== PROBLEM REQUIREMENTS ==
Every line of the listing is returned unchanged, and every picture is dropped.

-- DATA EXTRACT follows --

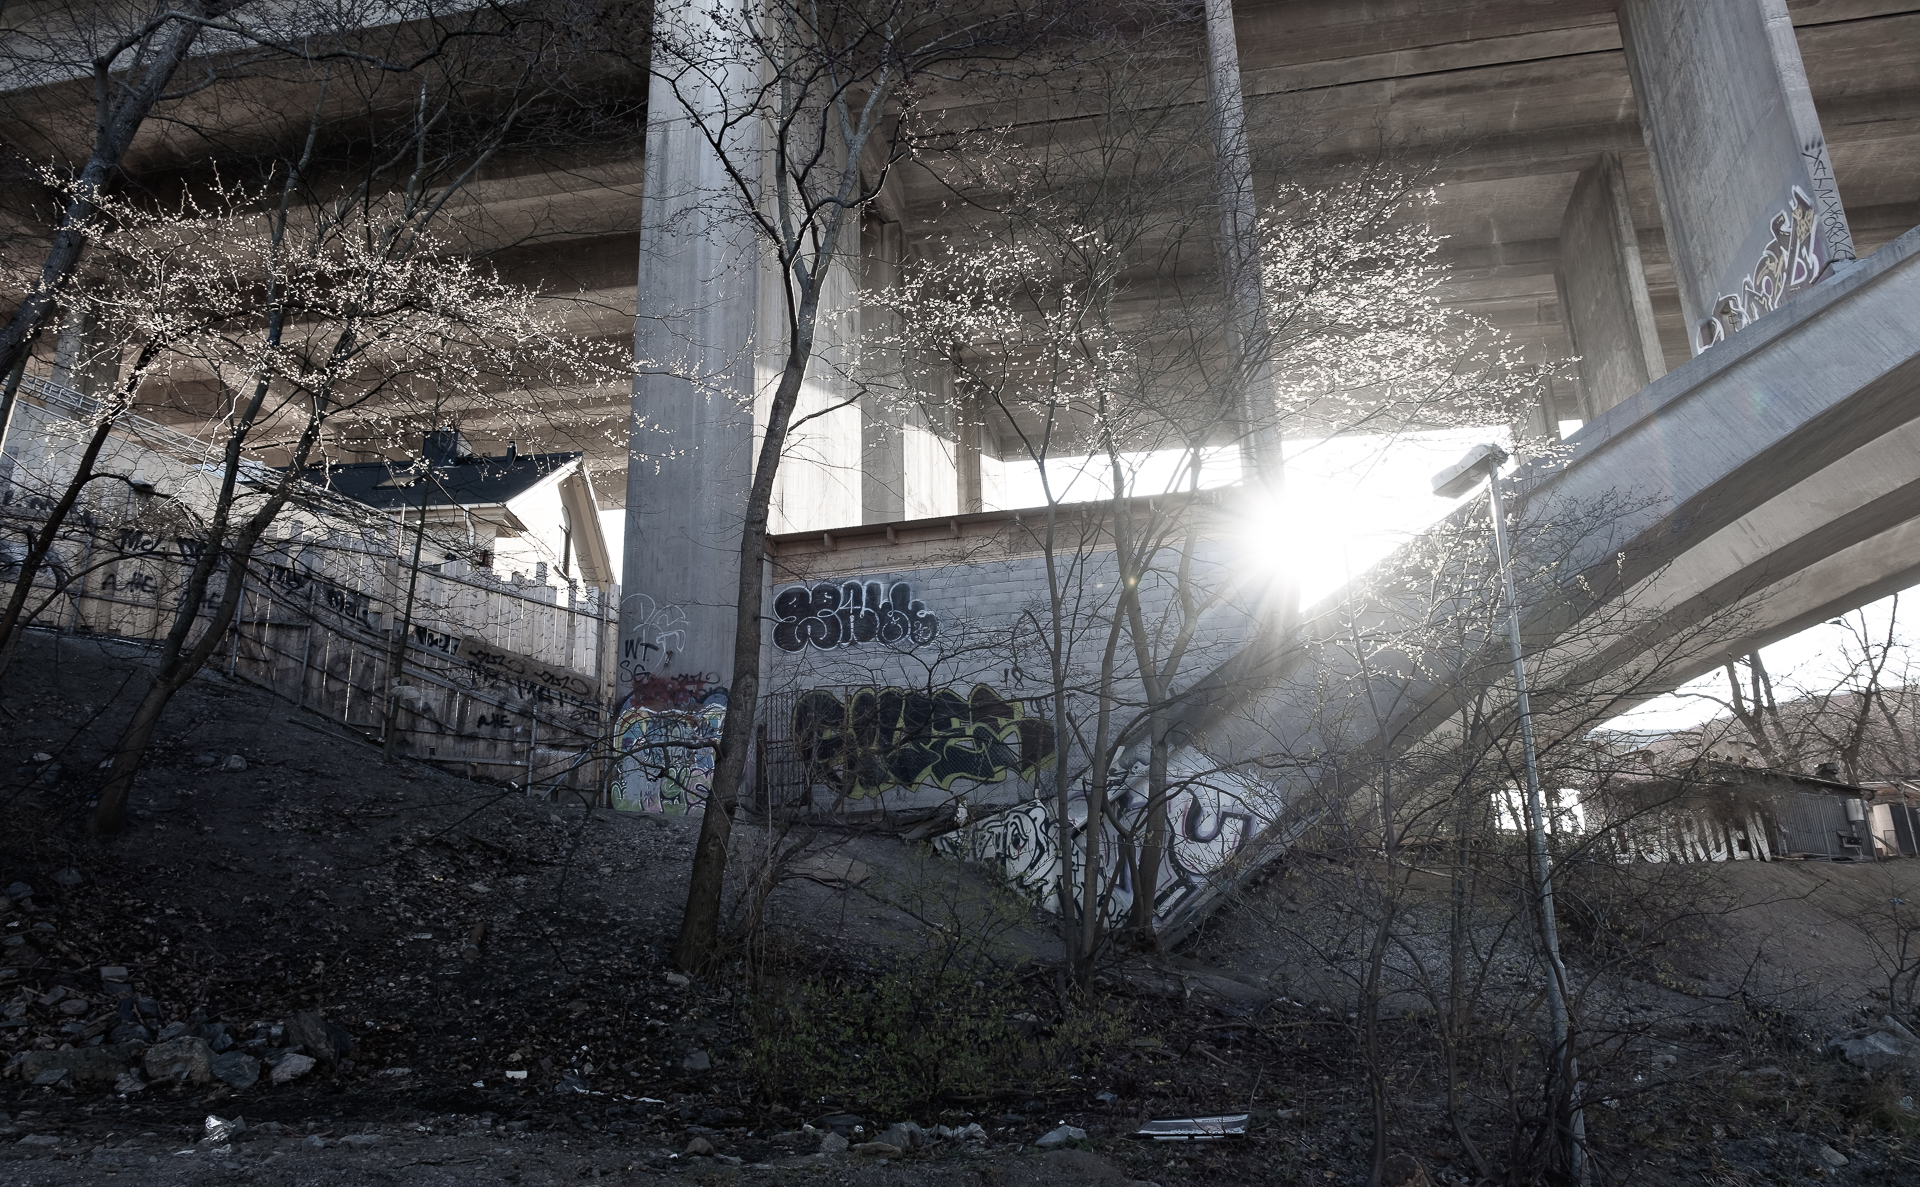 Trees under a bridge
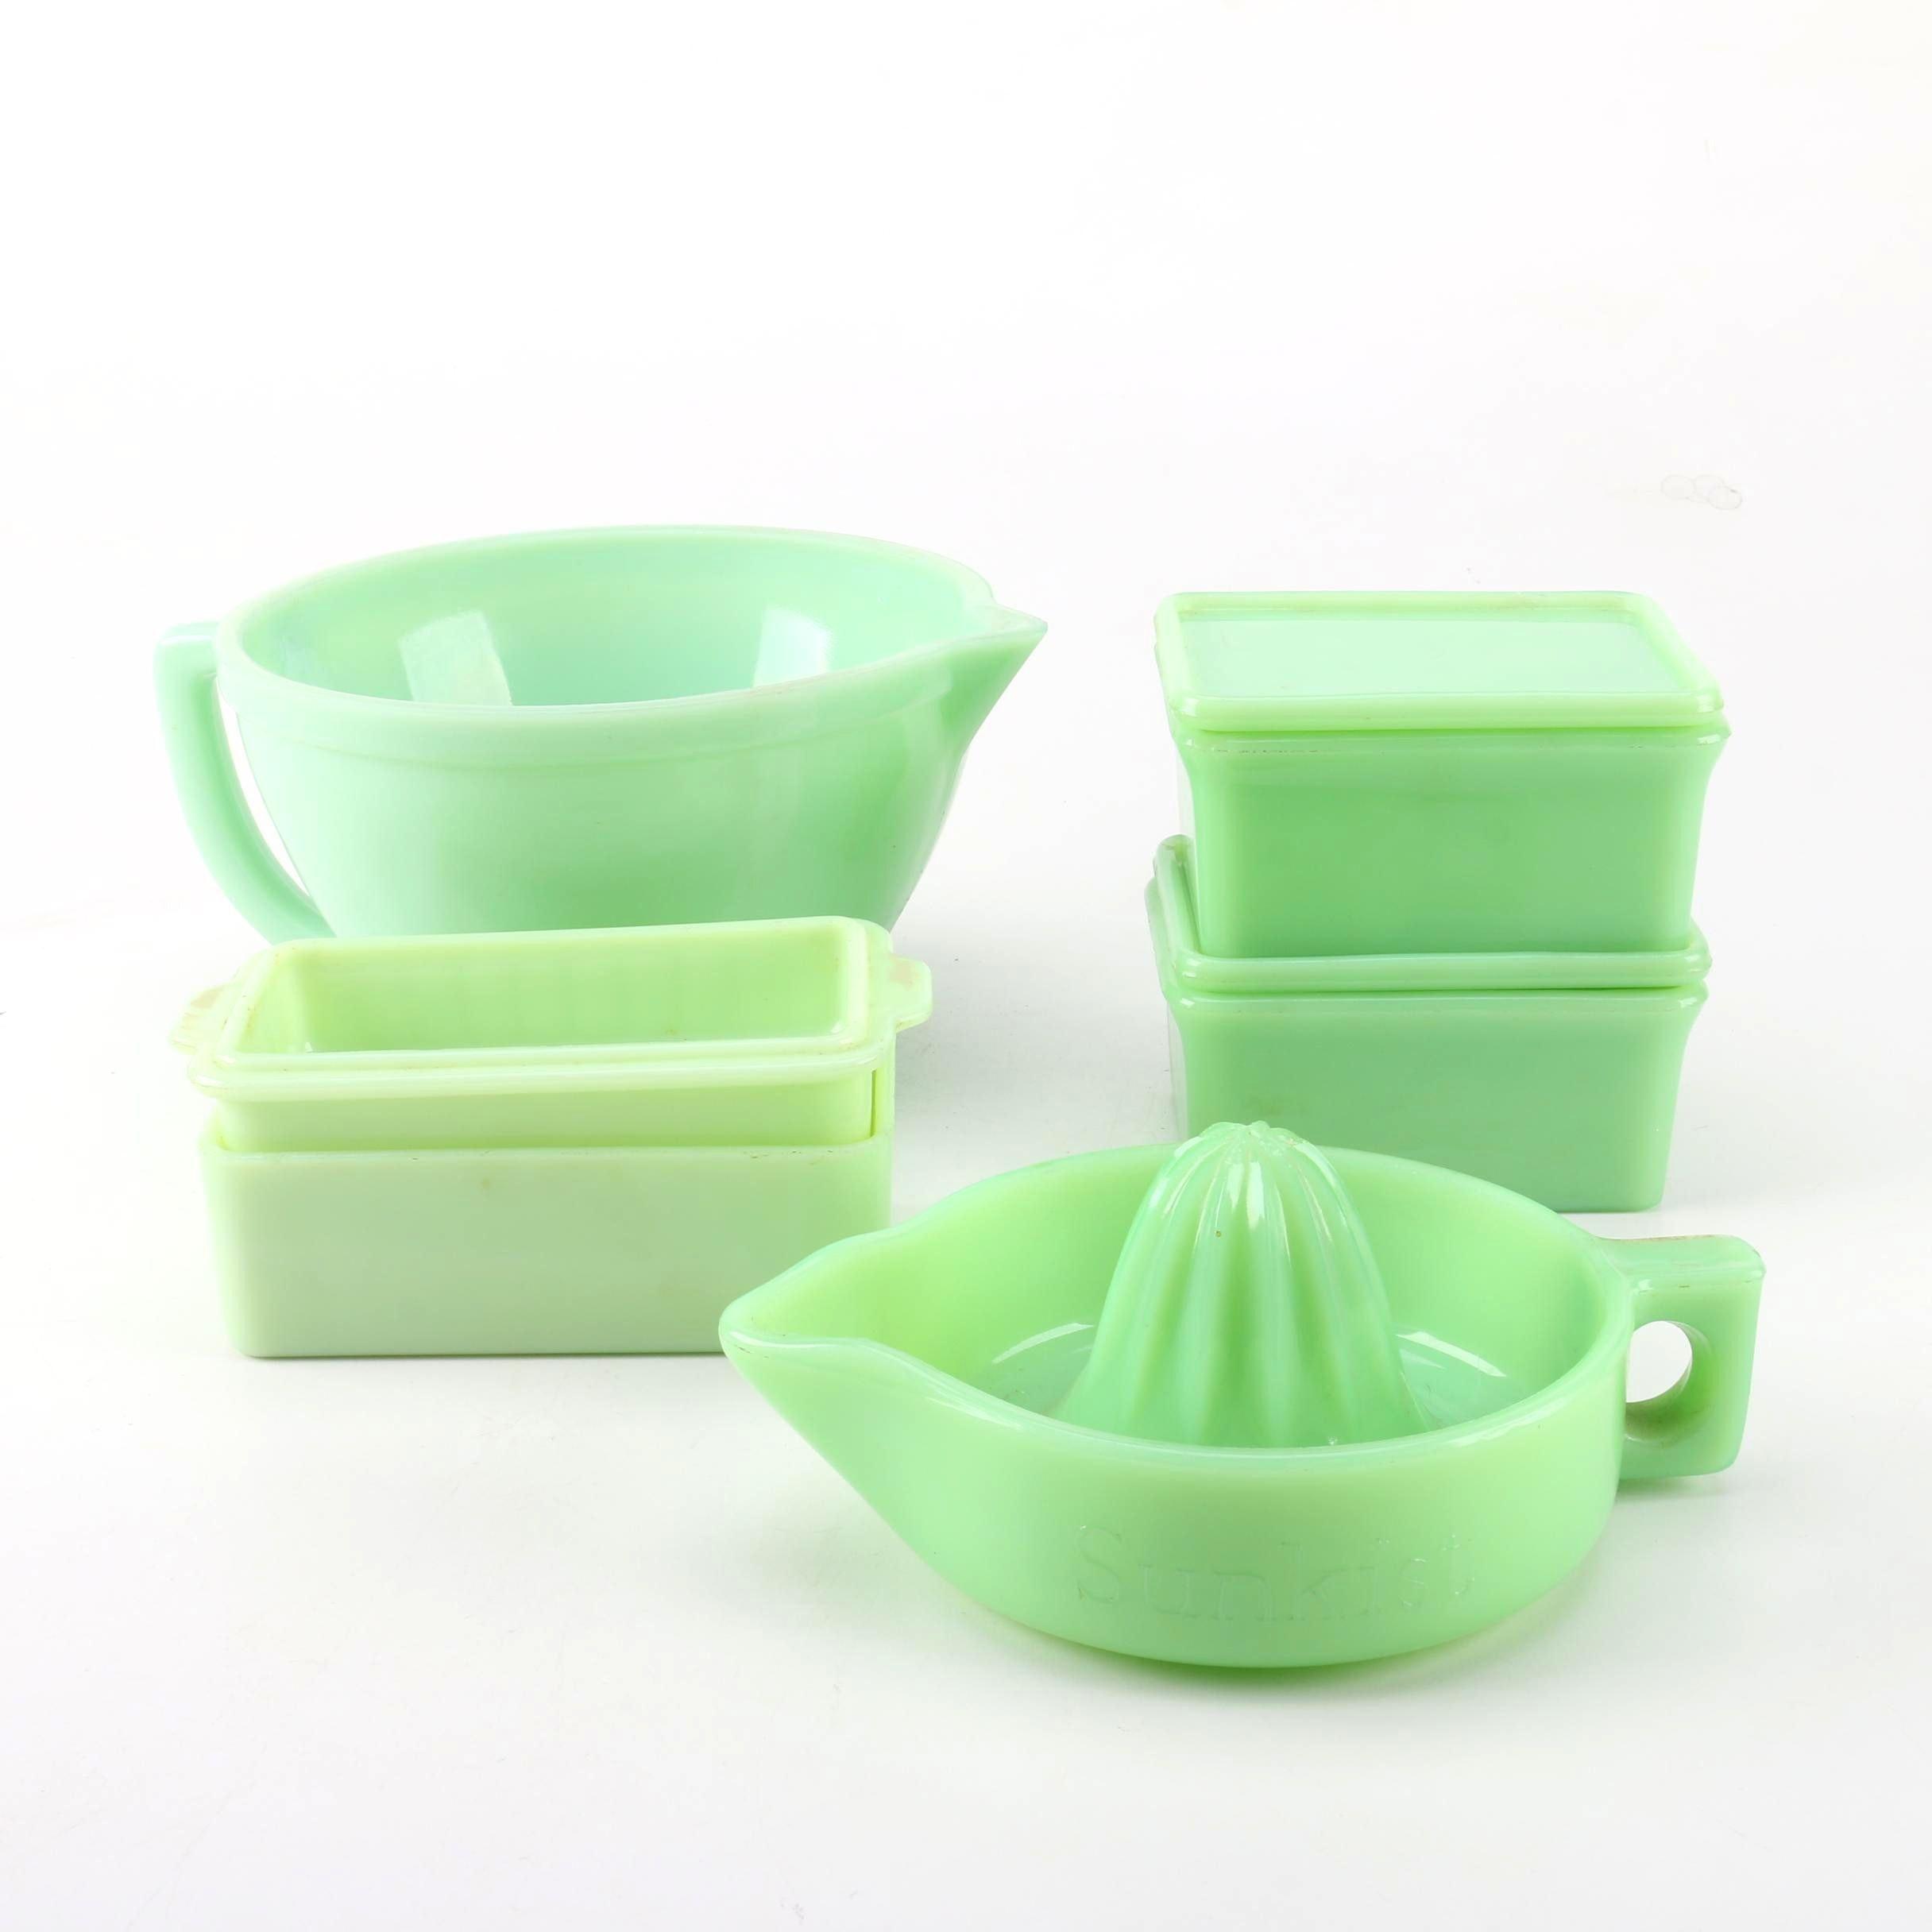 McKee Jadeite Lidded Refrigerator Bowls with Sunkist Juicer and More
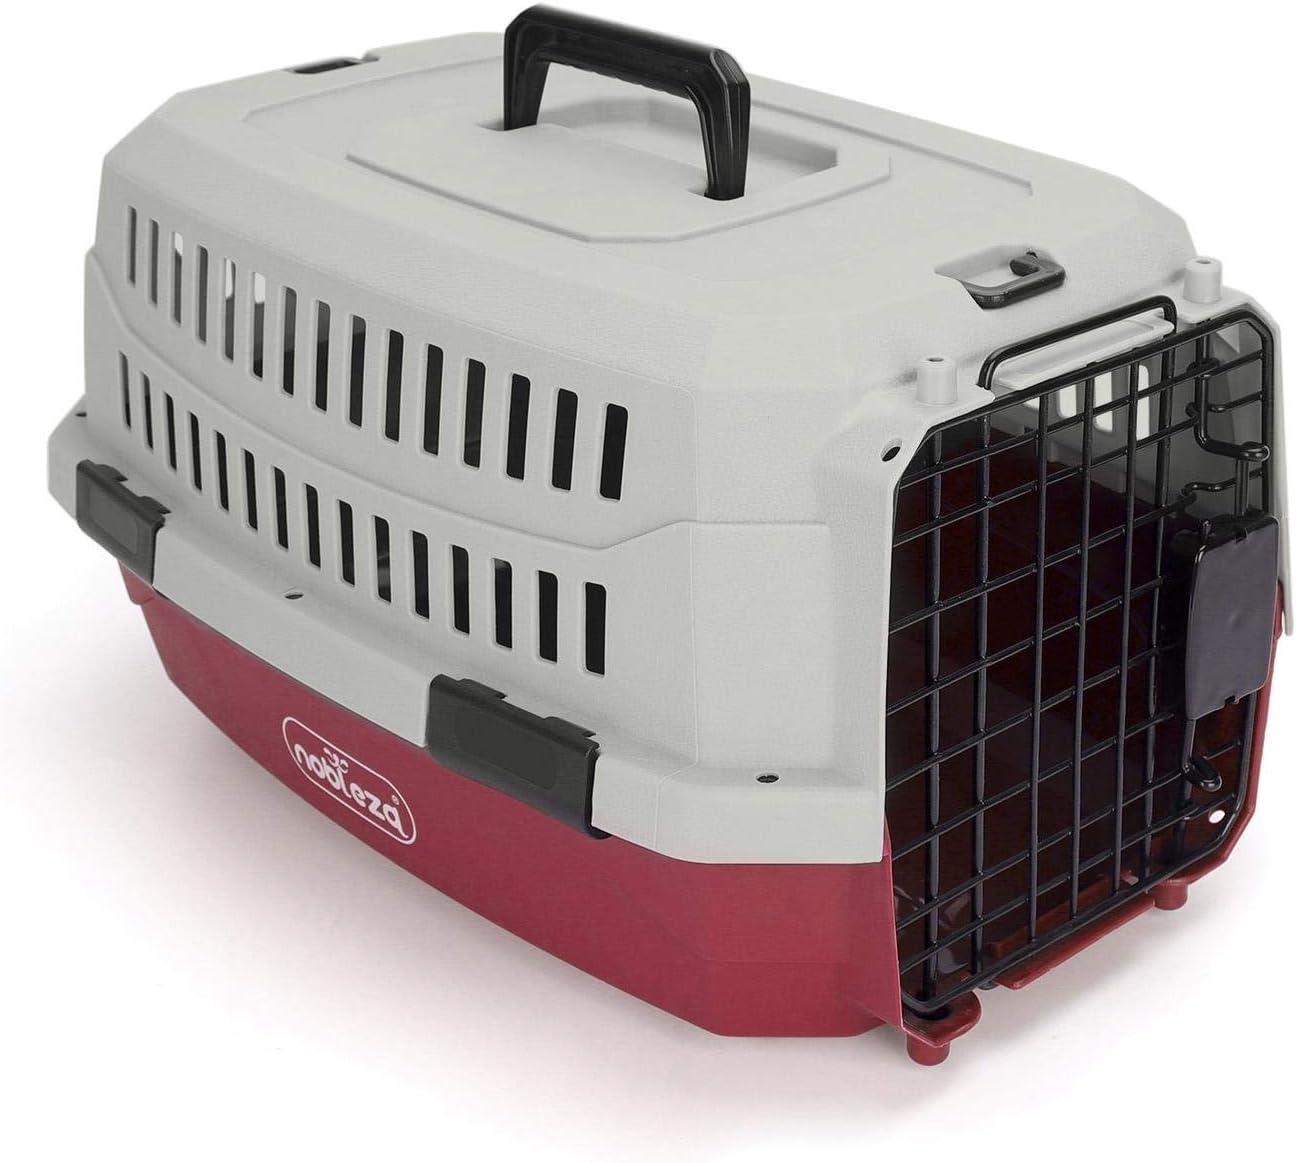 Nobleza - Transportin Gato Perro Grande, Transportin para Gatos Perro Portátil y Transpirable, Mascotas Perros Gatos Accesorios, Transportín de Plástico, 68x48x42 CM, Rojo & Gris

-- DATA EXTRACT concluded --

== EXERCISE ANSWER ==
 Trees under a bridge
 McKee Jadeite Lidded Refrigerator Bowls with Sunkist Juicer and More
 Nobleza - Transportin Gato Perro Grande, Transportin para Gatos Perro Portátil y Transpirable, Mascotas Perros Gatos Accesorios, Transportín de Plástico, 68x48x42 CM, Rojo & Gris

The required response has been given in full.